Add a lovely depth of flavour to juicy meatballs by spiking the mince with our trusty Aussie spice blend and a dash of Dijon. To keep the carbs in check, serve with a mash bulked up with cauliflower, plus garlicky veg for crunch and colour. Drizzle with a herby cream sauce to tie everything together.
This recipe is under 650kcal per serving and under 30g carbohydrates per serving.
Always read product labels for the most up-to-date allergen information. Visit hellofresh.com.au/foodinfo for allergen and ingredient information. If you have received a substitute ingredient, please be aware allergens may have changed.
1
potato
1 portion
cauliflower
1
zucchini
1
carrot
3 clove
garlic
1 packet
beef mince
1 bag
herbs
1 packet
light cooking cream
(Contains Milk;)
1 sachet
Aussie spice blend
1 packet
Dijon mustard
olive oil
20 g
butter
Bring a medium saucepan of salted water to the boil.
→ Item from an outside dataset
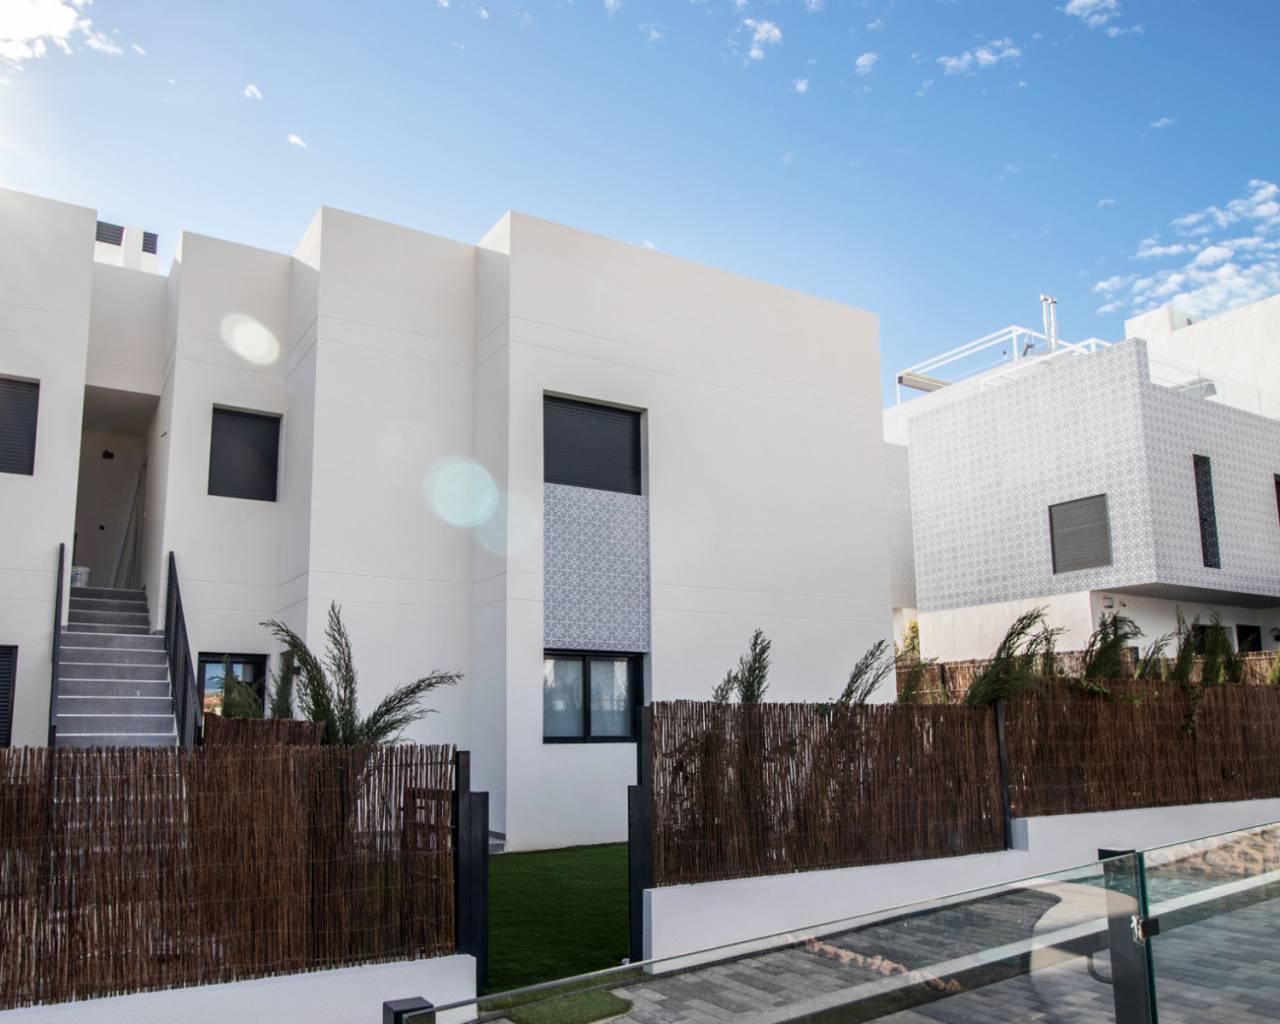 nieuwbouw-appartement-san-miguel-de-salinas_1796_xl

Peel potato and cut into large chunks. Cut cauliflower into small florets. Cook potato and cauliflower in the boiling water until easily pierced with a fork, 12-15 minutes. Drain and return to pan. Add the butter and a good pinch of salt. Mash until smooth. Cover to keep warm.
TIP: Save time and get more fibre by leaving the potato unpeeled!
While the mash is cooking, slice zucchini and carrot into thin sticks. Finely chop garlic. Set aside. In a medium bowl, combine beef mince, Aussie spice blend, Dijon mustard and a good pinch of salt. Using damp hands, roll heaped spoonfuls of mixture into small meatballs (4-5 per person). Transfer to a plate.
In a large frying pan, heat a drizzle of olive oil over medium-high heat. Cook zucchini and carrot, tossing, until tender, 4-5 minutes. Add 1/2 the garlic and cook until fragrant, 1 minute. Season. Transfer to a bowl and cover to keep warm.
Return frying pan to medium-high heat with a drizzle of olive oil. Cook meatballs, turning, until browned and cooked through, 8-10 minutes (cook in batches if your pan is getting crowded). Transfer to a bowl and cover to keep warm.
While the meatballs are cooking, roughly chop herb leaves. When the meatballs are cooked, wipe out frying pan and return to medium-high heat with a drizzle of olive oil. Cook remaining garlic, stirring, until fragrant, 30 seconds. Stir in herbs and light cooking cream, then simmer until slightly reduced, 1-2 minutes. Season generously with salt and pepper.
Divide cauli-potato mash and veggies between plates. Top with mustard beef meatballs. Spoon over creamy herb sauce to serve.